Closed after just four months on the road, Ardian's Fund VI is the quickest fundraise completed by the French GP to date, and is nearly double the amount the GP raised for its previous vehicle: LBO Fund V closed on €2.41bn in October 2013.

On top of the €4bn gathered for the France-domiciled fund itself, Ardian also put in place a €500m co-investment pocket for its LPs – a way to strengthen relations with investors, according to the GP. A similar measure had been put in place for Fund V, with co-investment rights amounting to around 15% of the fund.

"Our current success is the result of the work we've done since inception, and of the success of the fund's five previous generations," says Philippe Poletti, head of the GPs mid-cap buyout team. "People hardly ever refer to 'Axa Private Equity' nowadays, which for us is proof that we've done well."
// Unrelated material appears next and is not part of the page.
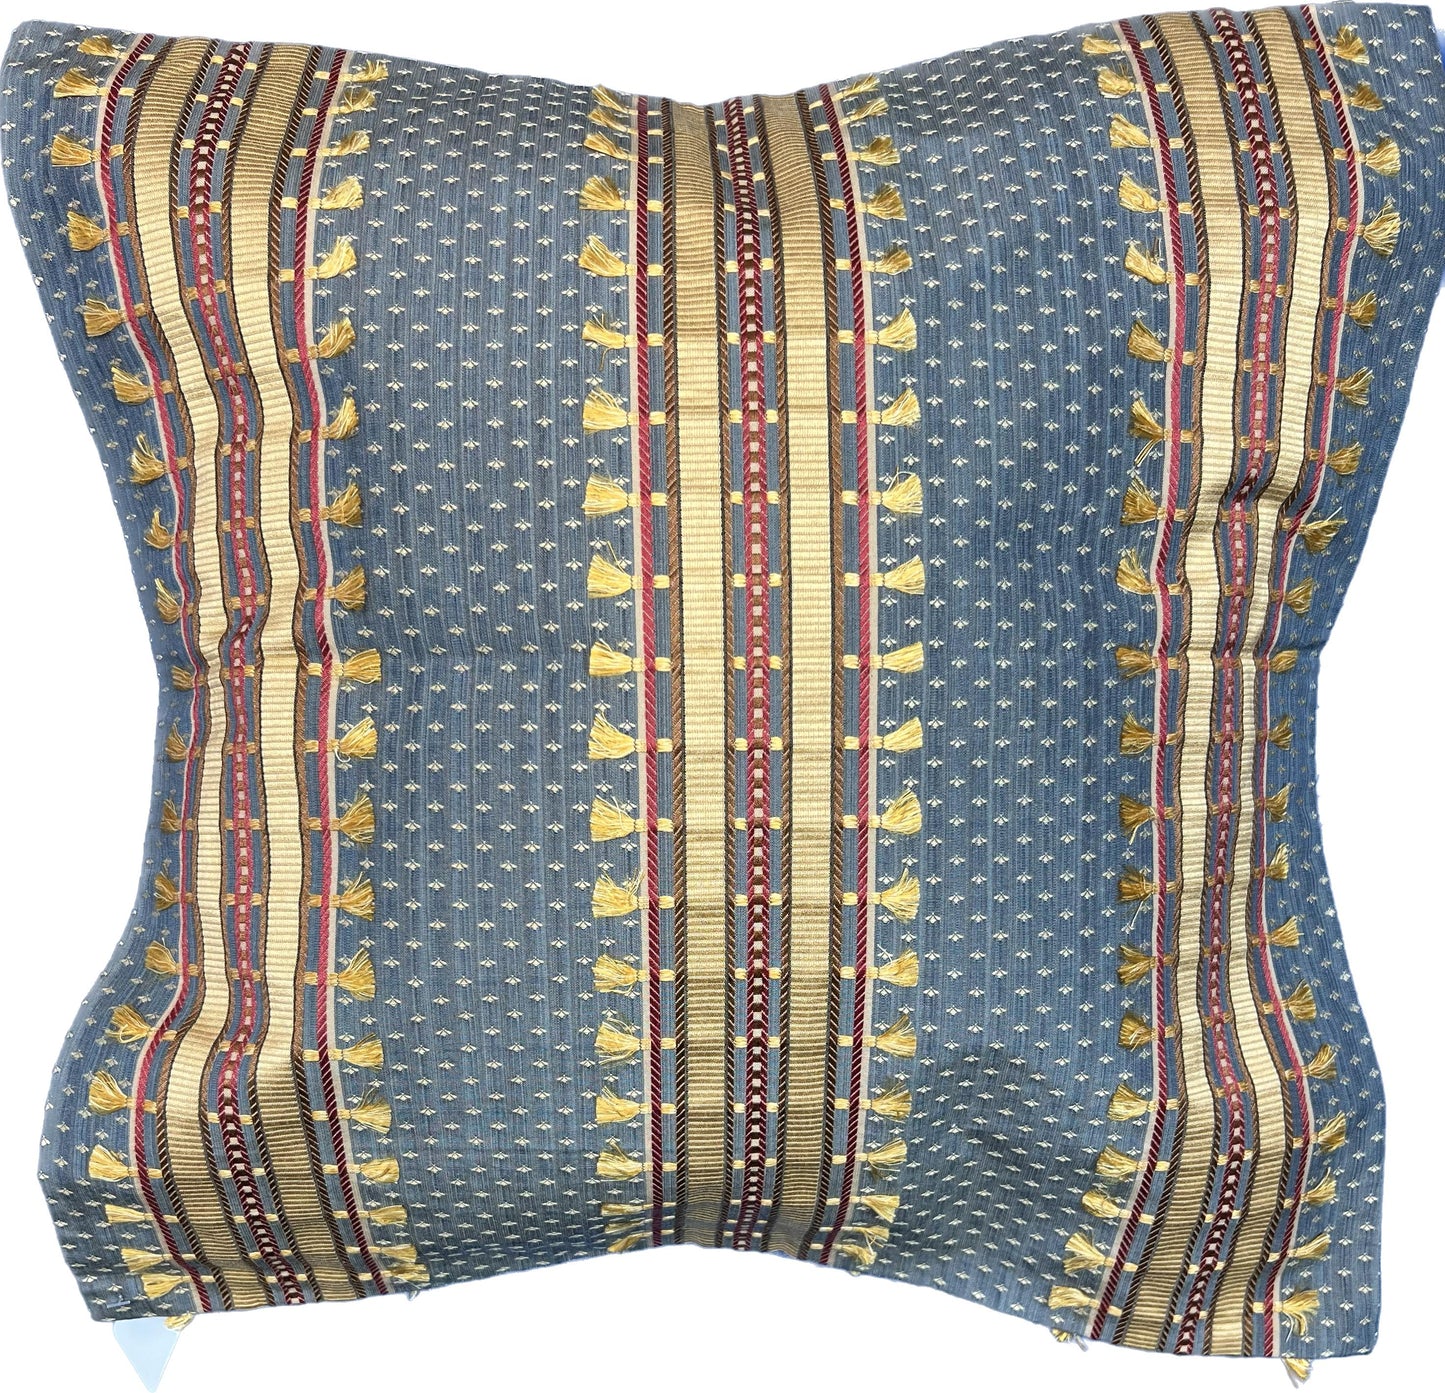 20"x20" Small Tassel Stripe Pillow Cover

We could have raised a lot more money, but purposely limited ourselves as we wanted to stay within the mid-cap segment and make sure there were enough investment opportunities to fully deploy the fund" – Philippe Poletti, Ardian

Having started off in France, the firm expanded into Germany, Italy, Spain and the UK, and now has a total of $55bn in assets under management.

Commitments from institutional investors have also been on the rise, with insurance companies representing 17% of the latest fund's LP base, against 8% for Fund V. Banks, meanwhile, saw their contributions rise from 1% in the previous fund to 6% in Fund VI.

"We could have raised a lot more money," says Poletti, "but purposely limited ourselves as we wanted to stay within the mid-cap segment and make sure there were enough investment opportunities to fully deploy the fund."

Proof in the pudding
For Poletti, the successful fundraise of Fund VI owes a lot to the groundwork laid with previous fund generations. With Fund III and Fund IV, portfolio companies grew their turnover by an estimated 50-60% over the holding period, while their EBITDA increased by 62-69%. The companies' international expansion often played a significant part in their development, with an average 25% of their revenues made abroad.

"Another very attractive element for our investors," Poletti adds, "is our capacity to close a significant amount of proprietary, as well as primary, transactions." According to him, more than half of the investments made with Fund V were primary deals.

As a result, around two thirds of LBO Fund V investors stayed on, committing 112% of the amount they contributed to the previous fund. Of the investors, 42% hail from Europe, 20% from Asia, 19% from North America, 14% from the Middle East, and 5% from South America. Ardian primarily depended on its internal fundraising team to source commitments, with a placement agent only employed in countries where it was mandatory, namely Chile and South Korea. Linklaters provided the GP with fund structuring advisory services.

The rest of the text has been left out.